Talukder Md Alamin, Kazi Mohsin, Alazab Ammar
Department of Computer Science and Engineering, International University of Business Agriculture and Technology, Dhaka, Bangladesh.
Department of Pharmacognosy, College of Pharmacy, King Saud University, P.O. BOX-2457, Riyadh, 11451, Saudi Arabia.
Sci Rep. 2025 Jun 3;15(1):19495. doi: 10.1038/s41598-025-03932-6.
Drug-Target Interaction (DTI) prediction is a vital task in drug discovery, yet it faces significant challenges such as data imbalance and the complexity of biochemical representations. This study makes several contributions to address these issues, introducing a novel hybrid framework that combines advanced machine learning (ML) and deep learning (DL) techniques. The framework leverages comprehensive feature engineering, utilizing MACCS keys to extract structural drug features and amino acid/dipeptide compositions to represent target biomolecular properties. This dual feature extraction method enables a deeper understanding of chemical and biological interactions, enhancing predictive accuracy. To address data imbalance, Generative Adversarial Networks (GANs) are employed to create synthetic data for the minority class, effectively reducing false negatives and improving the sensitivity of the predictive model. The Random Forest Classifier (RFC) is utilized to make precise DTI predictions, optimized for handling high-dimensional data. The proposed framework's scalability and robustness were validated across diverse datasets, including BindingDB-Kd, BindingDB-Ki, and BindingDB-IC50. For the BindingDB-Kd dataset, the GAN+RFC model achieved remarkable performance metrics: accuracy of 97.46%, precision of 97.49%, sensitivity of 97.46%, specificity of 98.82%, F1-score of 97.46%, and ROC-AUC of 99.42%. Similarly, for the BindingDB-Ki dataset, the model attained an accuracy of 91.69%, precision of 91.74%, sensitivity of 91.69%, specificity of 93.40%, F1-score of 91.69%, and ROC-AUC of 97.32%. On the BindingDB-IC50 dataset, the model achieved an accuracy of 95.40%, precision of 95.41%, sensitivity of 95.40%, specificity of 96.42%, F1-score of 95.39%, and ROC-AUC of 98.97%. These results demonstrate the efficacy of the GAN-based approach in capturing complex patterns, significantly improving DTI prediction outcomes.

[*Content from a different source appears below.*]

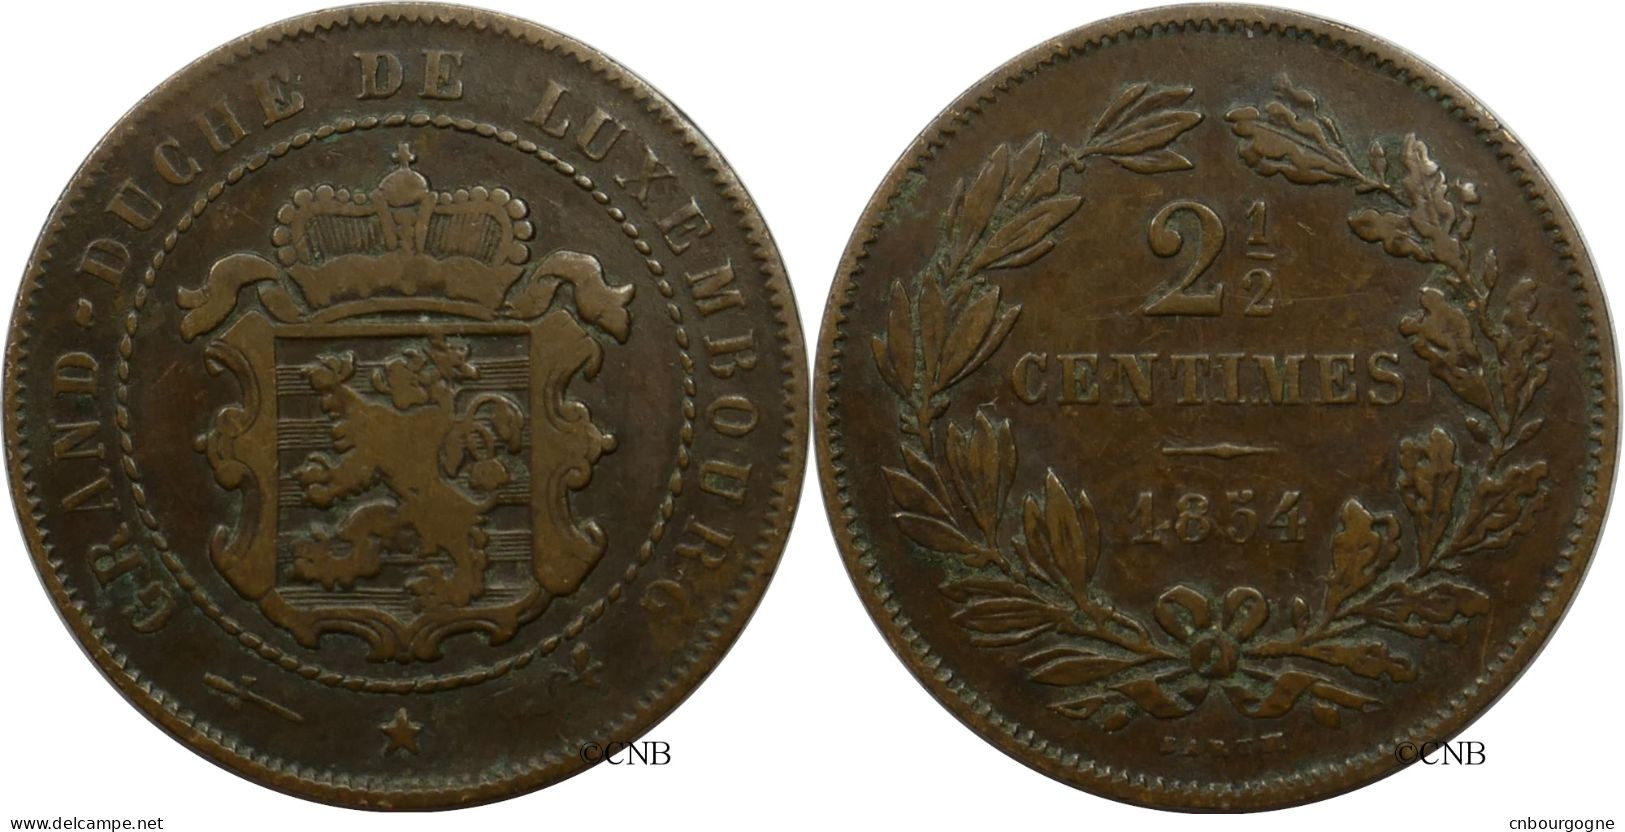 Luxembourg - Grand-Duché - Willem III - 2 1/2 Centimes 1854 - TB+/VF35 - Mon5820 - Luxembourg

In conclusion, the proposed GAN-based hybrid framework sets a new benchmark in computational drug discovery by addressing critical challenges in DTI prediction. Its robust performance, scalability, and generalizability contribute substantially to therapeutic development and pharmaceutical research.

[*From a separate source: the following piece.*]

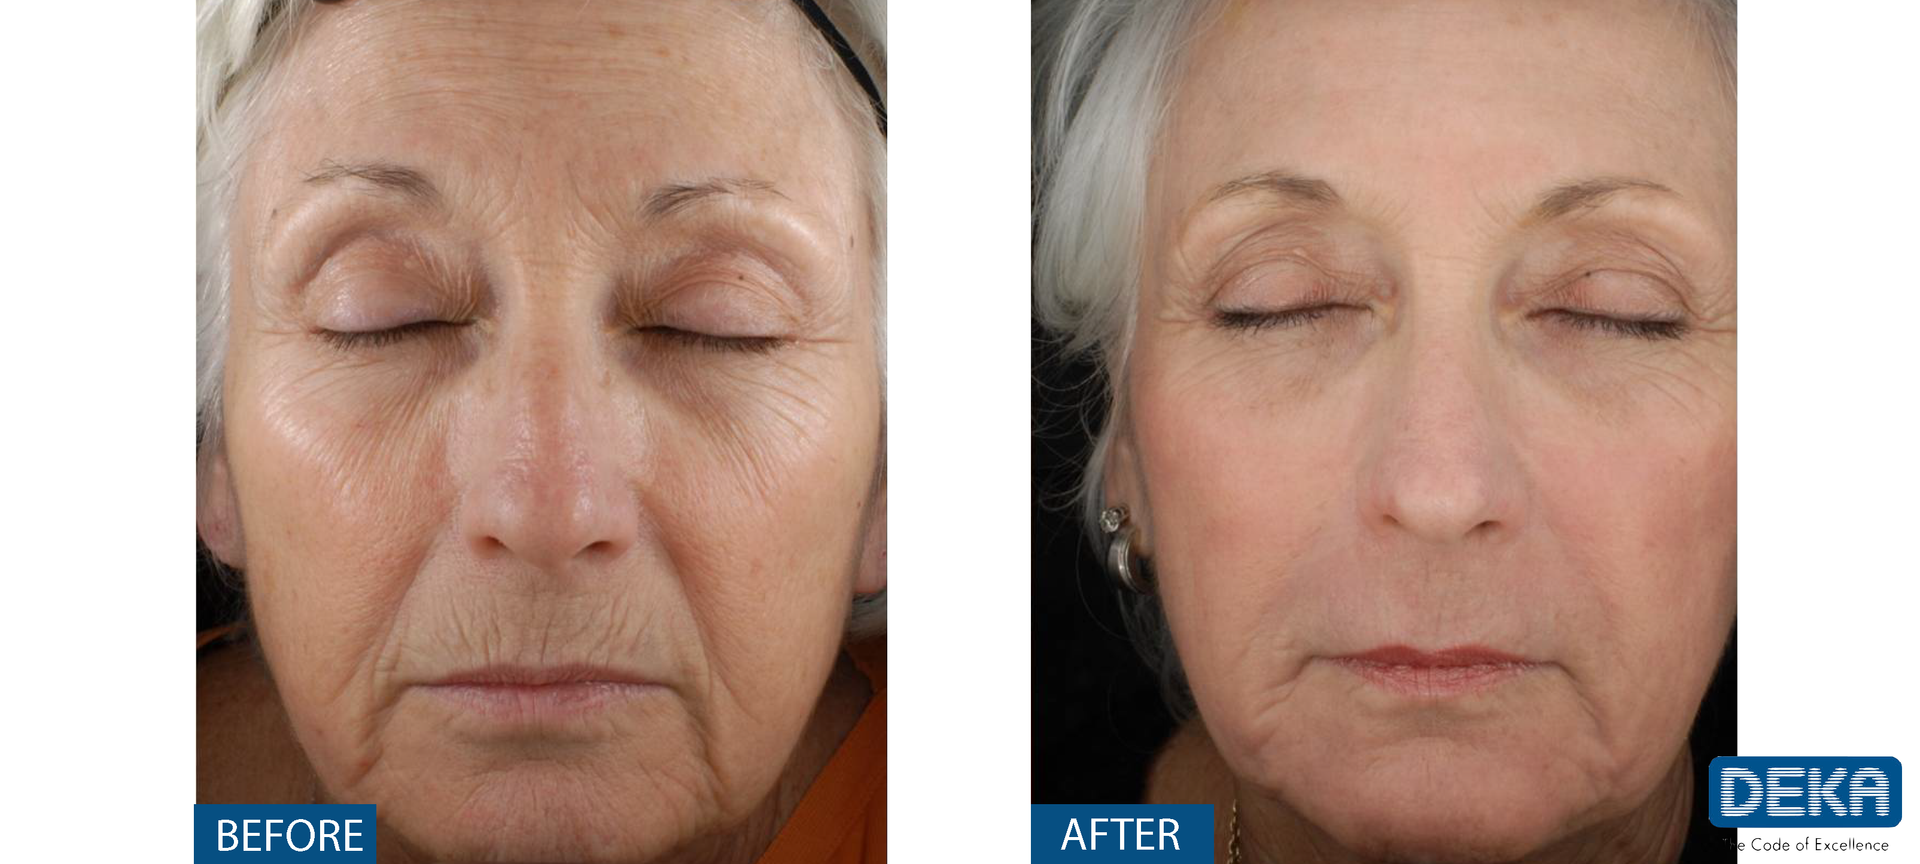 A before and after photo of a woman 's face with her eyes closed.

药物-靶点相互作用(DTI)预测是药物研发中的一项重要任务,但它面临着诸如数据不平衡和生化表征复杂性等重大挑战。本研究为解决这些问题做出了多项贡献,引入了一种结合先进机器学习(ML)和深度学习(DL)技术的新型混合框架。该框架利用了全面的特征工程,使用MACCS键提取药物结构特征,并使用氨基酸/二肽组成来表示靶点生物分子特性。这种双重特征提取方法能够更深入地理解化学和生物相互作用,提高预测准确性。为了解决数据不平衡问题,采用生成对抗网络(GAN)为少数类创建合成数据,有效减少假阴性并提高预测模型的敏感性。随机森林分类器(RFC)用于进行精确的DTI预测,并针对处理高维数据进行了优化。所提出框架的可扩展性和鲁棒性在包括BindingDB-Kd、BindingDB-Ki和BindingDB-IC50在内的各种数据集上得到了验证。对于BindingDB-Kd数据集,GAN+RFC模型取得了显著的性能指标:准确率为97.46%,精确率为97.49%,敏感性为97.46%,特异性为98.82%,F1分数为97.46%,ROC-AUC为99.42%。同样,对于BindingDB-Ki数据集,该模型的准确率为91.69%,精确率为91.74%,敏感性为91.69%,特异性为93.40%,F1分数为91.69%,ROC-AUC为97.32%。在BindingDB-IC50数据集上,该模型的准确率为95.40%,精确率为95.41%,敏感性为95.40%,特异性为96.42%,F1分数为95.39%,ROC-AUC为98.97%。这些结果证明了基于GAN的方法在捕捉复杂模式方面的有效性,显著改善了DTI预测结果。总之,所提出的基于GAN的混合框架通过解决DTI预测中的关键挑战,在计算药物研发中树立了新的标杆。其强大的性能、可扩展性和通用性对治疗开发和药物研究做出了重大贡献。